Givat Holon is due to be cleared as part of the H-500 scheme (see below – the Clearance of Givat Holon and Moledet).

== The Abattoir ==
The Abattoir tract is a 254 dunam piece of land that is included in the H-500 scheme. The land was expropriated from private owners in 1961 further to authority obtained by the Mayor of Holon in accordance with the Land Ordinance for the establishment of a regional abattoir and associated industrial facilities. To that end a joint company was established by the Tel Aviv and Holon Municipalities (80% Tel Aviv and 20% Holon) in order to promote the venture and bear its costs, including the compensation payable to the private landowners.

Further to the expropriation proceedings, in 1966 a town planning scheme (H-142) for the construction of an abattoir and associated industries was approved. According to the scheme it was permitted to build an abattoir and meat processing facilities.

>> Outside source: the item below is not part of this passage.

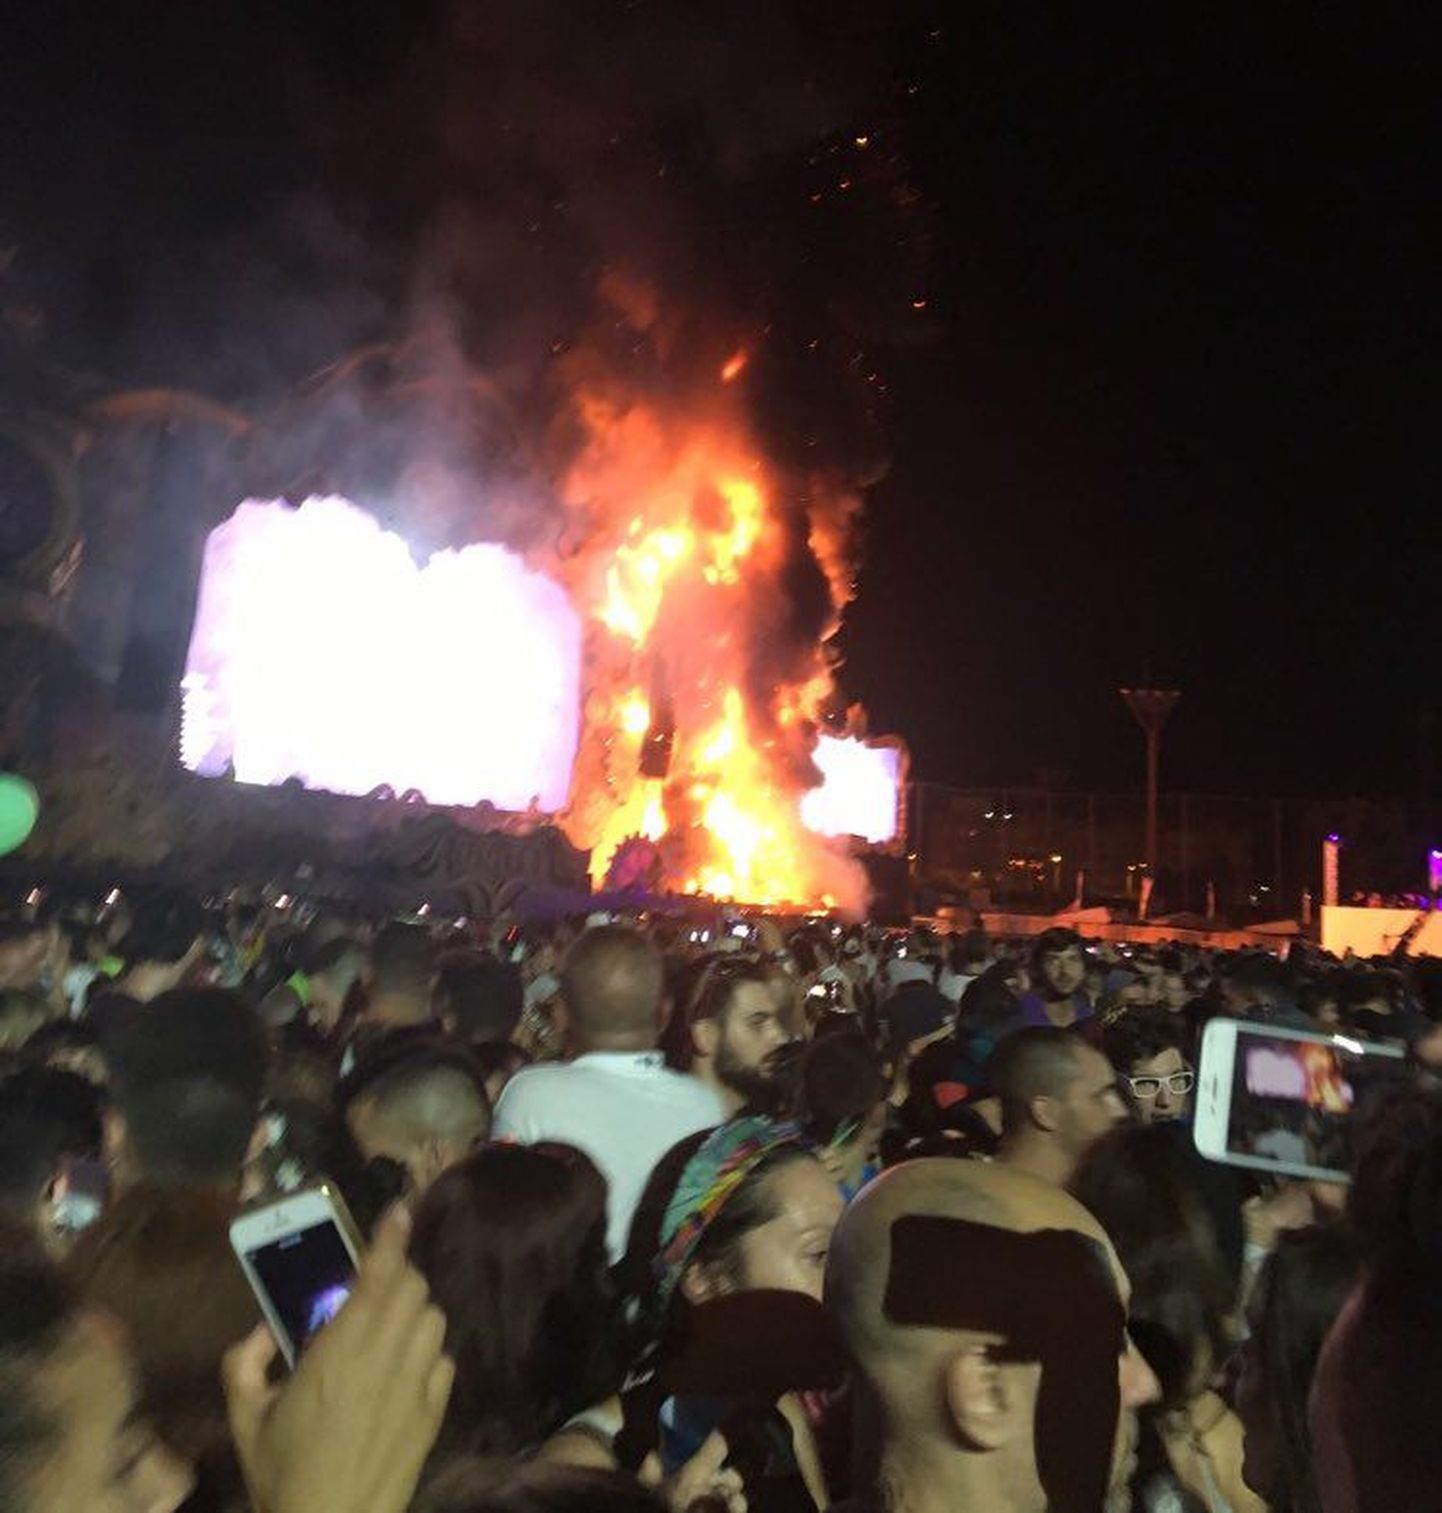 Pilt Hispaania muusikafestivalil põlenud lavast

The aforegoing might today sound like a figment of the imagination: to expropriate 250 dunams of land for an abattoir in the sandhills of South Holon, big enough to serve the whole Middle East. Nevertheless, at that time, the venture did appear to justify such a large-scale expropriation. Not one of the private landowners objected to the venture and even had anyone objected, it is doubtful whether he would have had any chance of succeeding against Holon's then legendary mayor, Pinchas Ayalon.

In fact, apart from one building that was constructed at the end of the 1960s, which served as a municipal abattoir until the beginning of the 1990s, the rest of the land remained empty and undeveloped. The abattoir building was blown up in June 2015 as part of an exercise by the Home Front Command.

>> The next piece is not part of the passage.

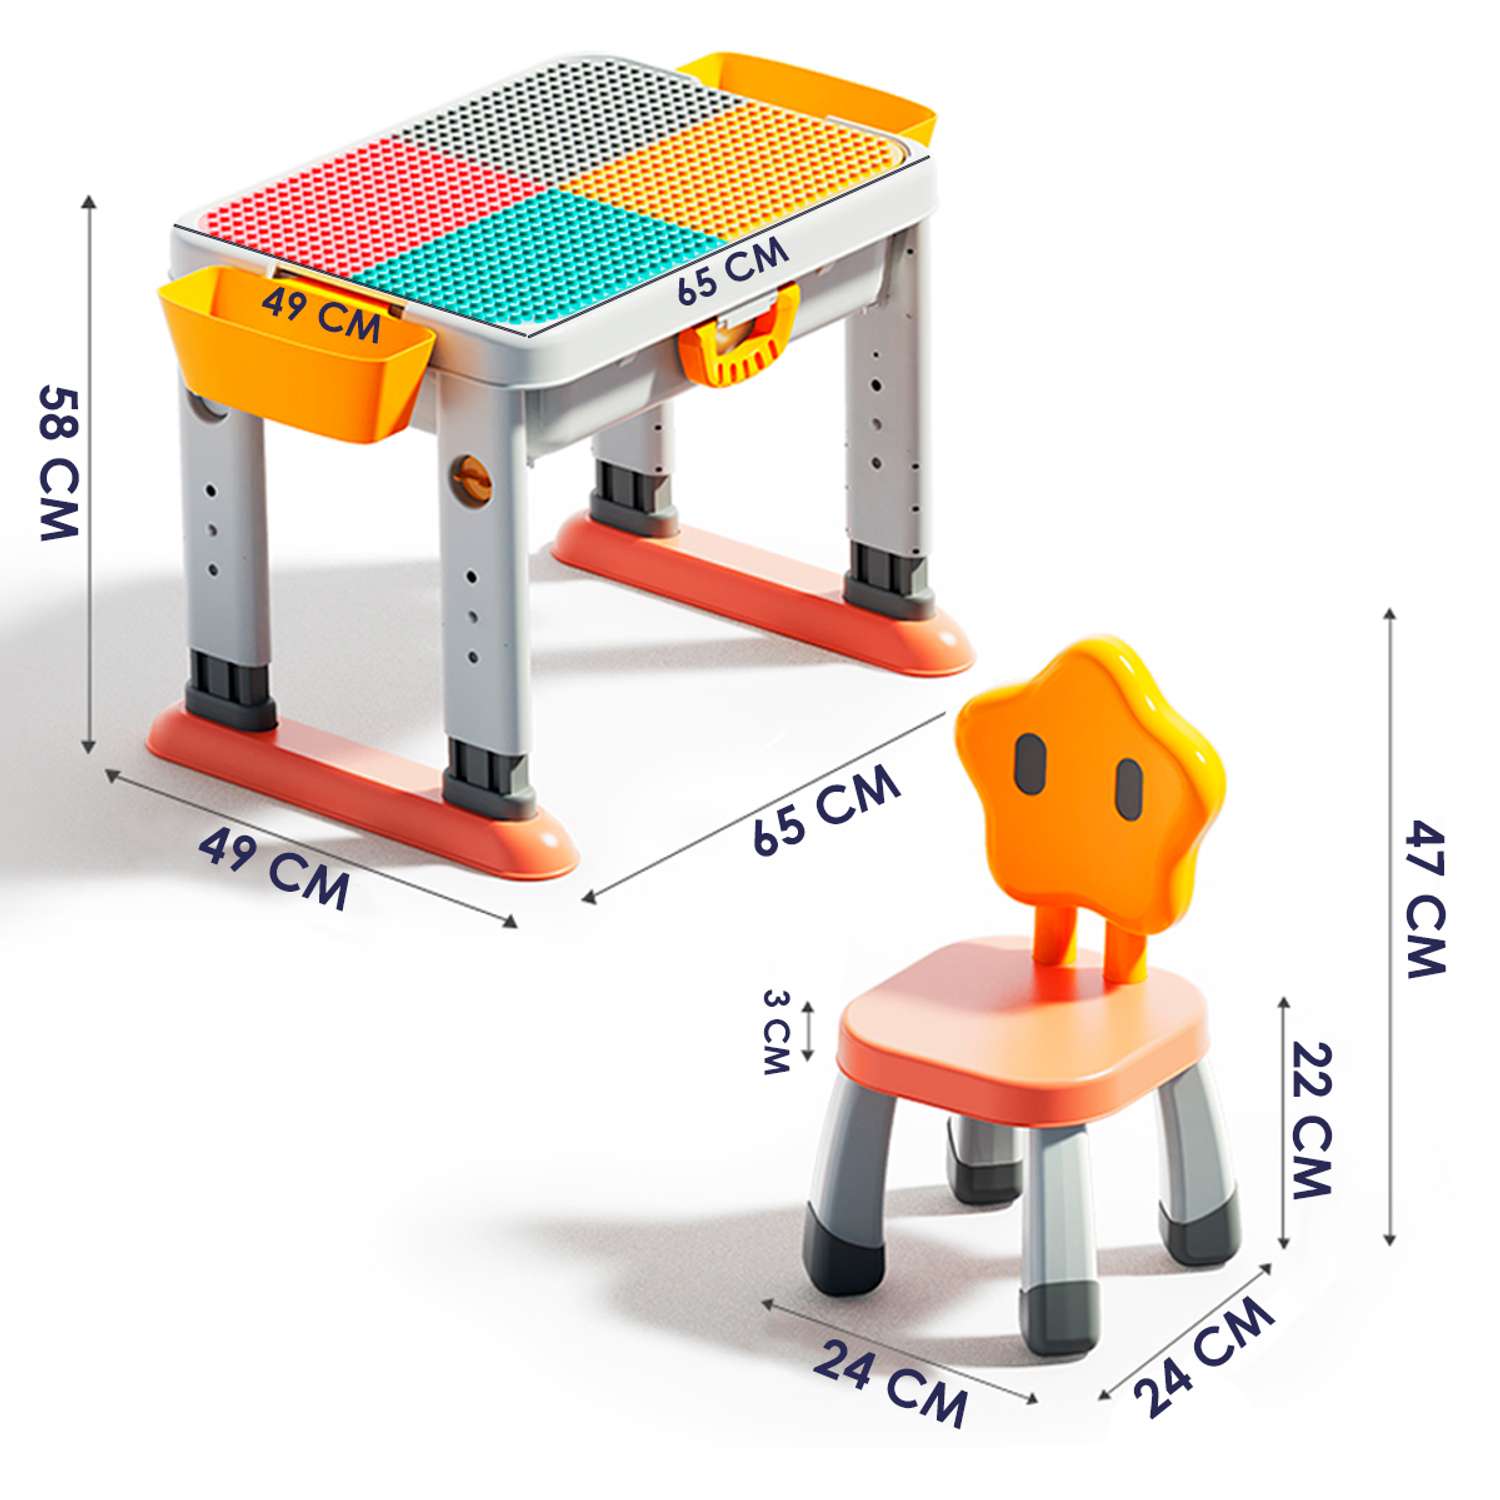 Развивающий детский столик WiMI со стулом и контейнером для хранения - фото 5

The landowners in the abattoir domain, Tel Aviv and Holon Municipalities, are expected to obtain rights in the scope of the H-500 scheme for the clearance of the abattoir (section 2.2.4 of the scheme regulations).

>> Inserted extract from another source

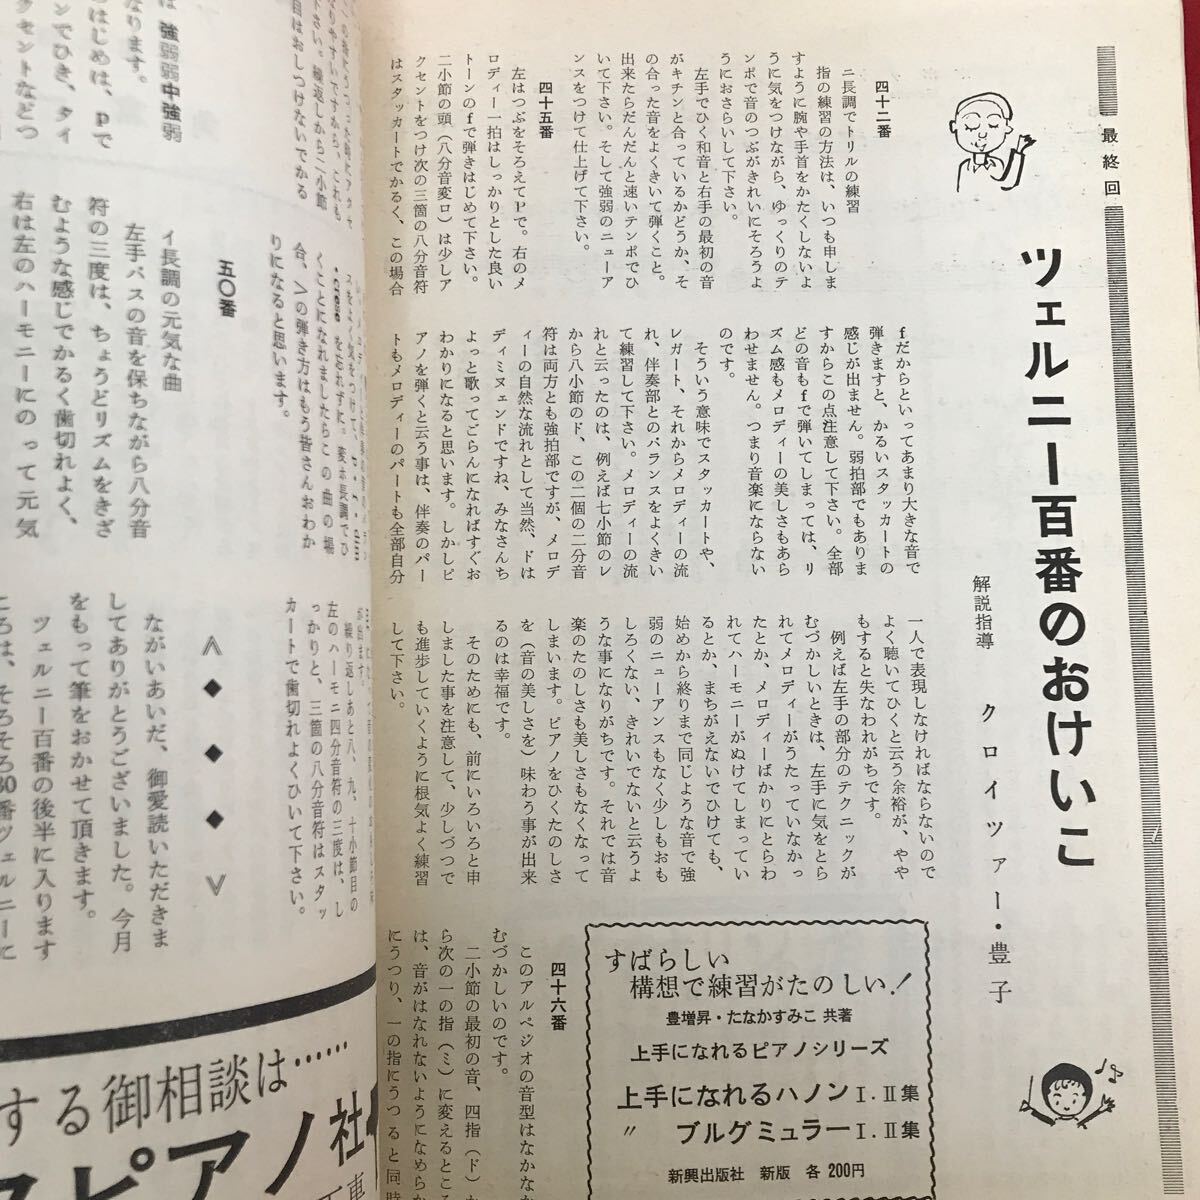 i-443 ※9 / 月刊 レッスンの友 ママと私の雑誌 昭和40年11月28日発行 日本の子供の練習はこれでいいのか 初見に強くなるには_画像3

== The Clearance of Givat Holon and Moledet ==
The H-500 scheme lays down directions for the preservation of the Security Road and the historic sites associated with it in accordance with the municipal preservation plan. The scheme nevertheless prescribes the clearance of Givat Holon and Moledet because of the limitations of using the area, which is affected by the flight paths according to the Ben Gurion Airport national outline scheme. After clearance, the neighborhoods will become part of the municipal sand dune park.

The deposited plan contains merely general provisions for the compensation of the residents of Moledet, the clearance to be financed from building rights that have been allotted specifically for the purpose, totalling 800 dwelling units (designated for the clearance of three centres: the refuse site, the abattoir and Moledet). The scheme further provides that the total compensation will be determined by a real estate appraiser to be appointed by the local planning and building committee.

Further to appeals that were filed against the district planning and building committee's decision (which the residents of Givat Holon also joined), which culminated in the decision of the appeal subcommittee of the national council of May 15, 2014, several operative decisions were made in respect of the clearance of Givat Holon (from which inferences may be drawn in respect of the clearance of Moledet) as follows:

- The clearance of the existing residents will be effected in consolidation and partition proceedings in accordance with the detailed plan, in which the area will be zoned for the park. The residents will be allotted other land in accordance with the relevant provisions of law.
- Until the clearance of Givat Holon it will be possible to continue using the existing lawful buildings for residential purposes.
- So long as residential use continues in Givat Holon, the issue of building permits for the renovation (not including extension) of existing buildings will be permitted by virtue of existing permits.
- The residents will obtain their rights in the scope of the first plan that is approved by virtue of the H-500 scheme.
- Clearance will only be effected when the implementation of the first detailed plan commences or at such other time as it prescribes.